The north is in for one epic hockey game. The Great Lakes are nearly fully frozen over.

Take a look at these images from NASA. As of Friday, the lakes are almost 90 percent frozen. (ViaWEWS)

Just in the last week, ice cover has increased from 79.7 percent to 88.4 percent. (Via NOAA)

And some of the lakes, like Lake Erie seen here, Superior and Huron, are closer to 100 percent iced over. (Via NOAA CoastWatch)

There is an upside. More ice means less evaporation, which causes clouds and leads to snow. So theoretically, there should be less snow. We'll see about that. But it's certainly not the case for the people in Cleveland right now.

They’ve received about 58 inches so far this winter – 13 inces above normal. WEWS writes it’s “not your imagination. We've been staring at snow for a very long time.”

Not everyone is down on the cold though. Minnesotans are taking advantage of a rare opportunity on the now-frozen Lake Superior.

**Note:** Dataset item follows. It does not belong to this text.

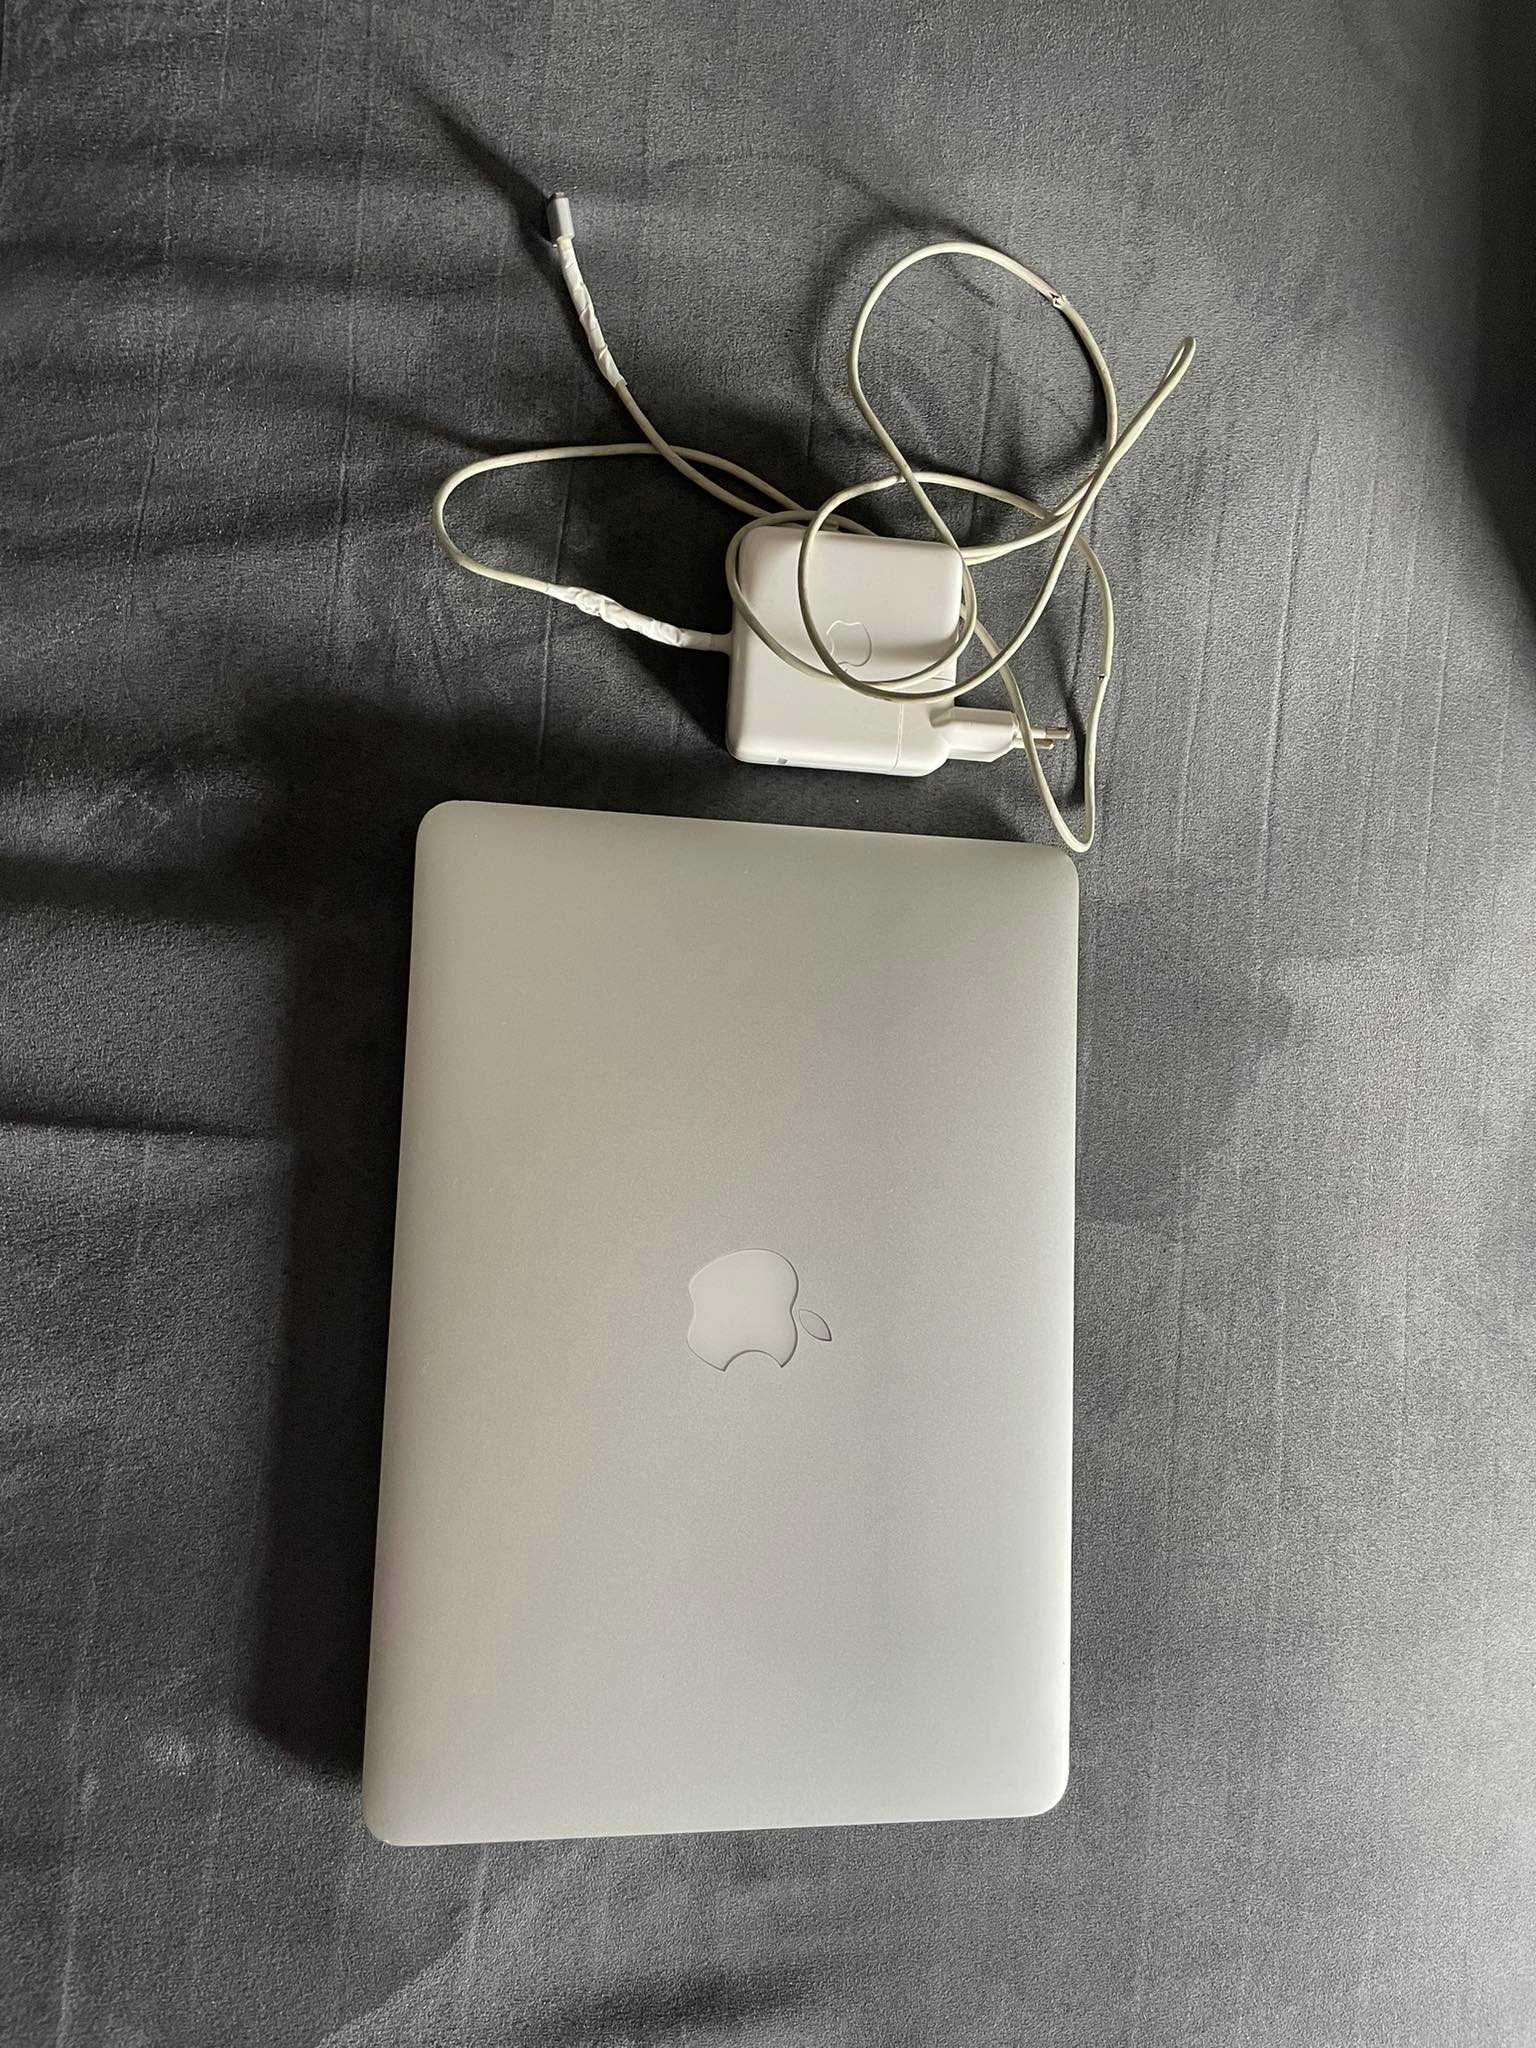 Apple MacBook Pro 13,3' Early 2015 8GB 500GB

For the first time in five years, The Star Tribune reports, people are able to walk on the ice to explore the caves on Lake Superior’s south shore.

And you know Canada’s found the silver lining. The Ottawa Citizen reports the ice and snowpack on the Great Lakes will help water levels in the spring.

“Last year we were setting records for lowest water level in recorded history.” (Via WZZM)

And there is a chance the lakes could set a record this winter. The most ice cover on record came in 1979 when the Great Lakes were 95 percent covered. That said, don’t count on it. (Via The Weather Channel)

According to the Detroit Free Press, the area is going to feel temperatures in the 40s next week. The state’s climatologist says, “Given the warmer weather next week, it may not be in the cards, but it’s way, way above normal.”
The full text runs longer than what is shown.